Is this really true? What device in the network are you loading that filter into? Is it even capable of handling the packet throughput of that many clients while also handling such a large block list?
But this is not one subnet. It is a large number of IPs distributed across a bunch of providers, and handled possibly by dozens if not hundreds of routers along the way. Each of these routers won't have trouble blocking a dozen or two IPs that would be currently involved in a DDoS attack.
But this would require a service like DNSBL / RBL which email providers use. Mutually trusting big players would exchange lists of IPs currently involved in DDoS attacks, and block them way downstream in their networks, a few hops from the originating machines. They could even notify the affected customers.
But this would require a lot of work to build, and a serious amount of care to operate correctly and efficiently. ISPs don't seem to have a monetary incentive to do that.
It also completely overlooks the fact that some of the traffic has spoofed source IP addresses and a bad actor could use automated black holing to knock a legitimate site offline.
That already exists… that's part of cloudflare and other vendors mitigation strategy. There’s absolutely no chance ISPs are going to extend that functionality to random individuals on the internet.
What traffic would you request the upstream providers to block if getting hit by Aisuru? Considering the botnet consists of residential routers, those are the same networks your users will be originating from. Sure, in best case, if your site is very regional, you can just block all traffic outside your country - but most services don't have this luxury.
Blocking individual IP addresses? Sure, but consider that before your service detects enough anomalous traffic from one particular IP and is able to send the request to block upstream, your service will already be down from the aggregate traffic. Even a "slow" ddos with <10 packets per second from one source is enough to saturate your 10Gbps link if the attacker has a million machines to originate traffic from.
In many cases the infected devices are in developing countries where none of your customers is. Many sites are regional, for example, a medium business operating within one country, or even city.
And even if the attack comes from your country, it is better to block part of the customers and figure out what to do next rather than have your site down.
Could it not be argued that ISPs should be forced to block users with vulnerable devices?
They have all the data on what CPE a user has, can send a letter and email with a deadline, and cut them off after it expires and the router has not been updated/is still exposed to the wide internet.
My dad’s small town ISP called him to say his household connection recently started saturating the link 24/7 and to look into whether a device had been compromised.

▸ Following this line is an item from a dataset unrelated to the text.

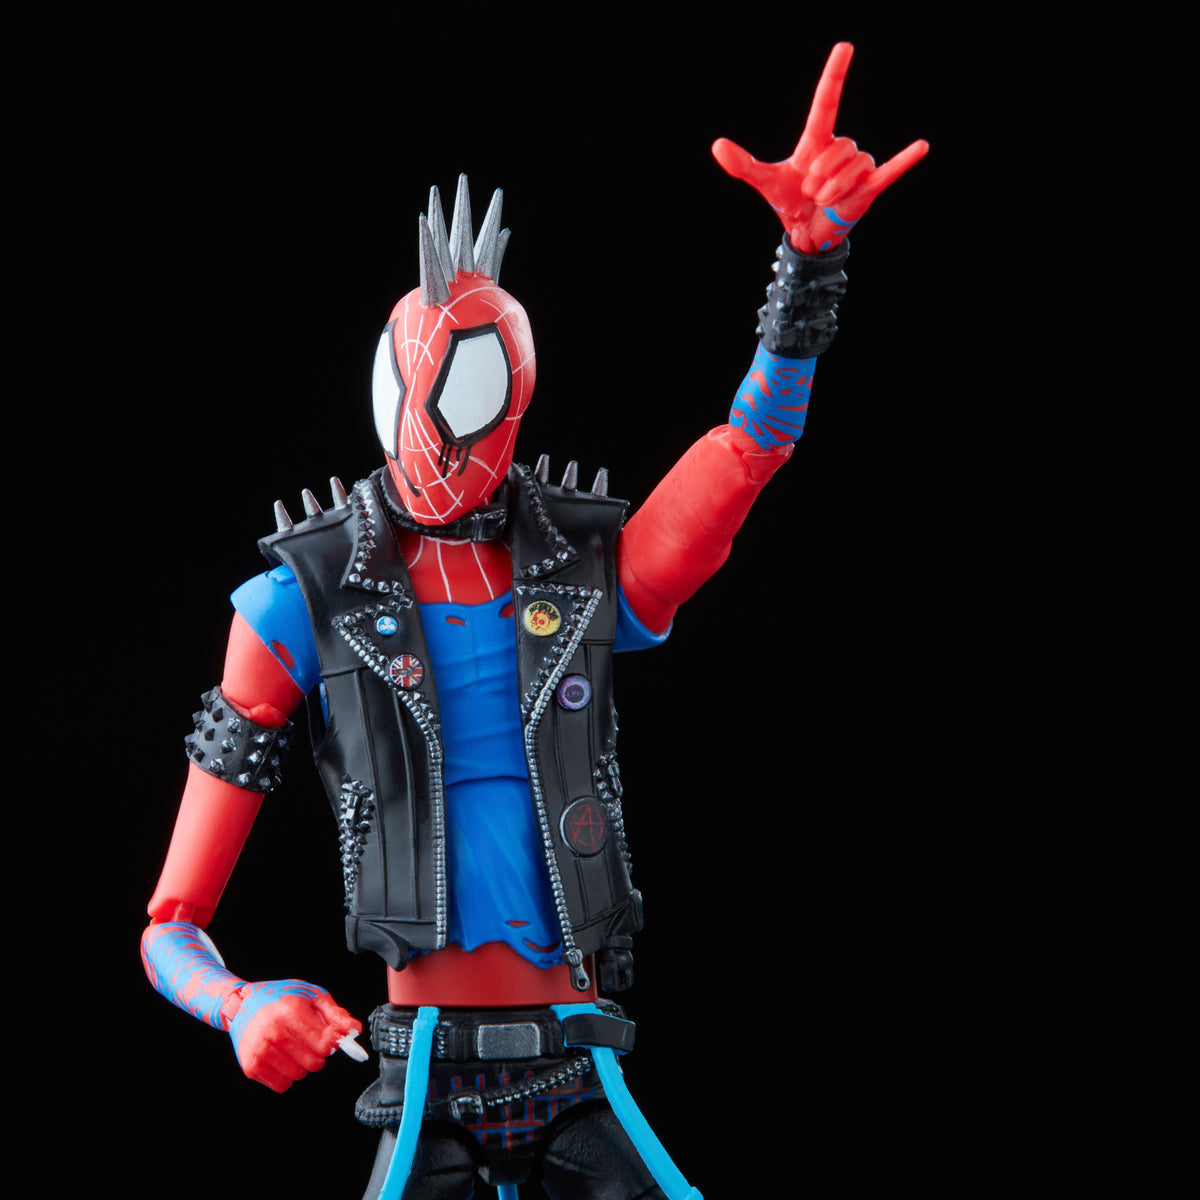 Marvel's Spider-Man: How to Get the Spider-Punk Suit

(Turns out some raspi reseller shipped a product with empty uname/password)
While a cute story, how do you scale that? And what about all the users that would be incapable of troubleshooting it, like if their laptop, roku, or smart lightbulb were compromised? They just lose internet?

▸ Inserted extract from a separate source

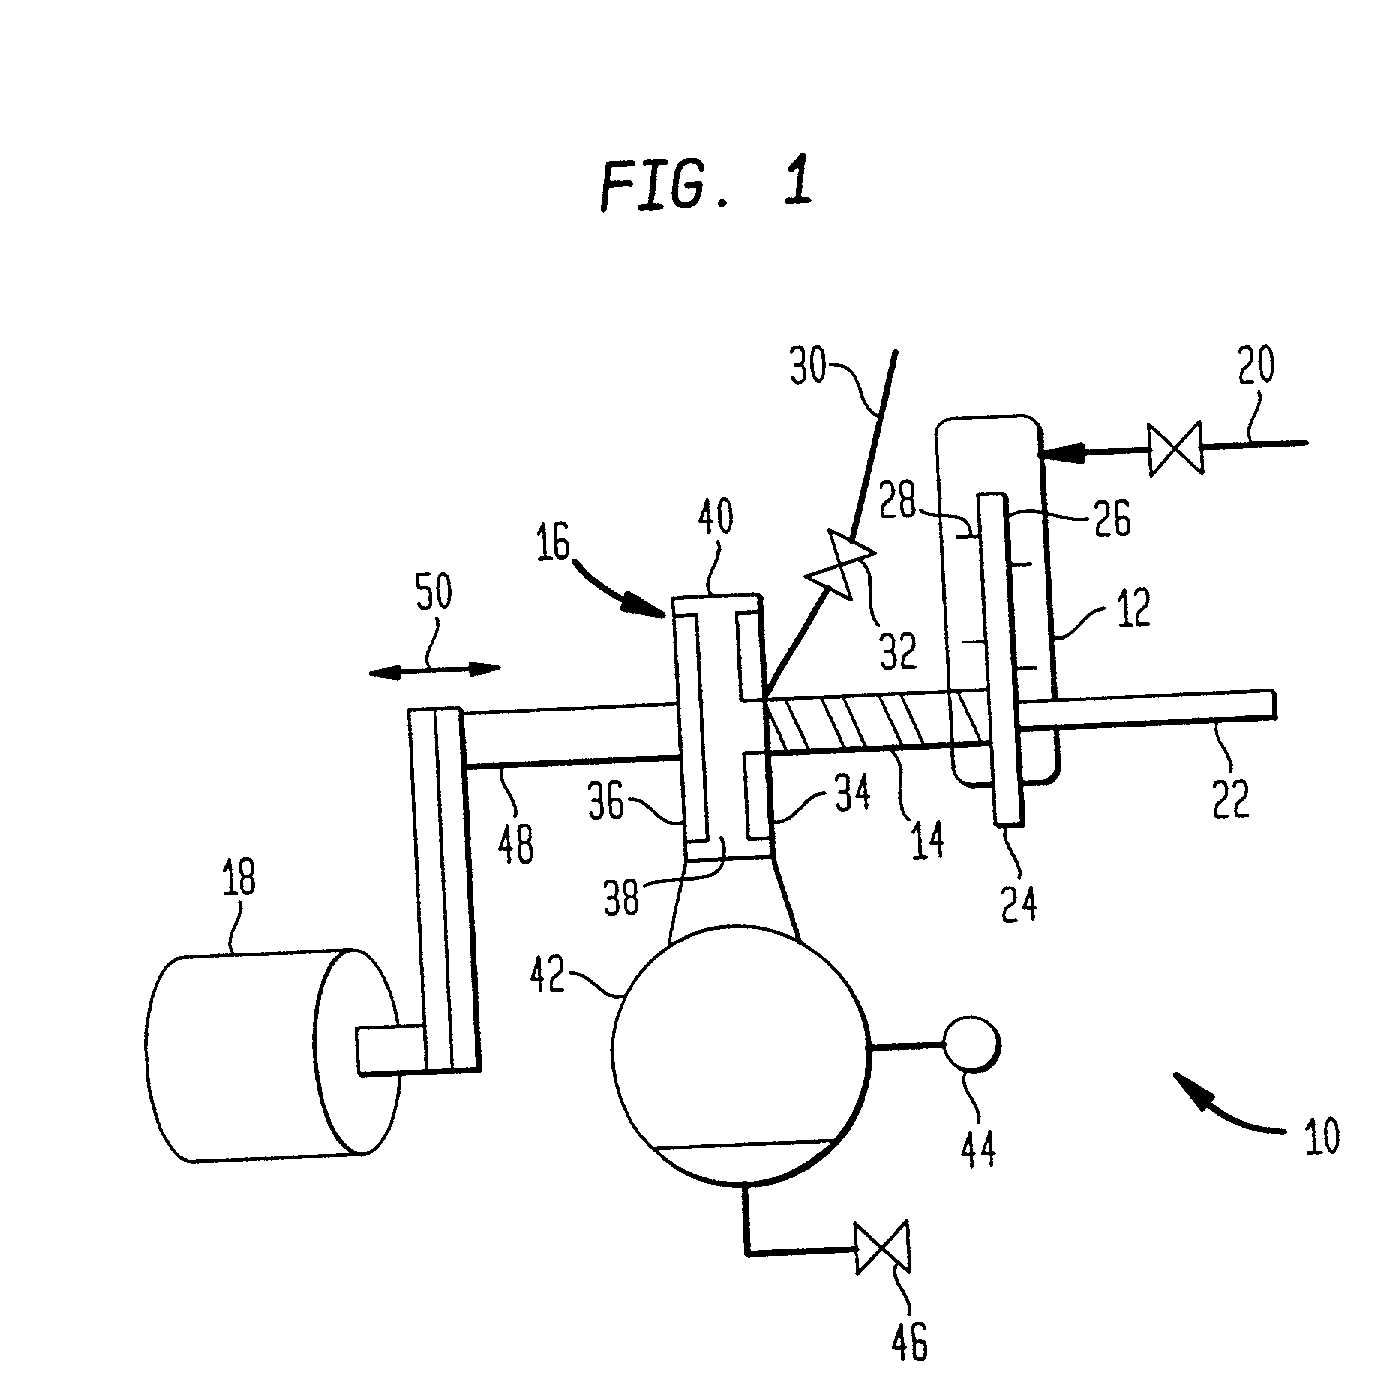 Method of bleaching and providing papermaking fibers with durable curl

And what about a botnet that doesn’t saturate your connection, how does your ISP even know? They get full access to your traffic for heuristics? What if it’s just one curl request per N seconds?
> While a cute story, how do you scale that? And what about all the users that would be incapable of troubleshooting it, like if their laptop, roku, or smart lightbulb were compromised? They just lose internet?
Uh, yes. Exactly and plainly that. We also go and suspend people's driver licenses or at the very least seriously fine them if they misbehave on the road, including driving around with unsafe cars.
Access to the Internet should be a privilege, not a right. Maybe the resulting anger from widespread crackdowns would be enough of a push for legislators to demand better security from device vendors.
> And what about a botnet that doesn’t saturate your connection, how does your ISP even know?
In ye olde days providers had (to have to) abuse@ mailboxes. Credible evidence of malicious behavior reported to these did lead to customers getting told to clean up shop or else.
Xfinity did exactly this to me a few years ago. I wasn't compromised but tried running a blockchain node on my machine. The connection to the whole house was blocked off until I stopped it.
> here is no network protocol for a host to control traffic filtering on upstream providers (deny traffic from certain subnets or countries).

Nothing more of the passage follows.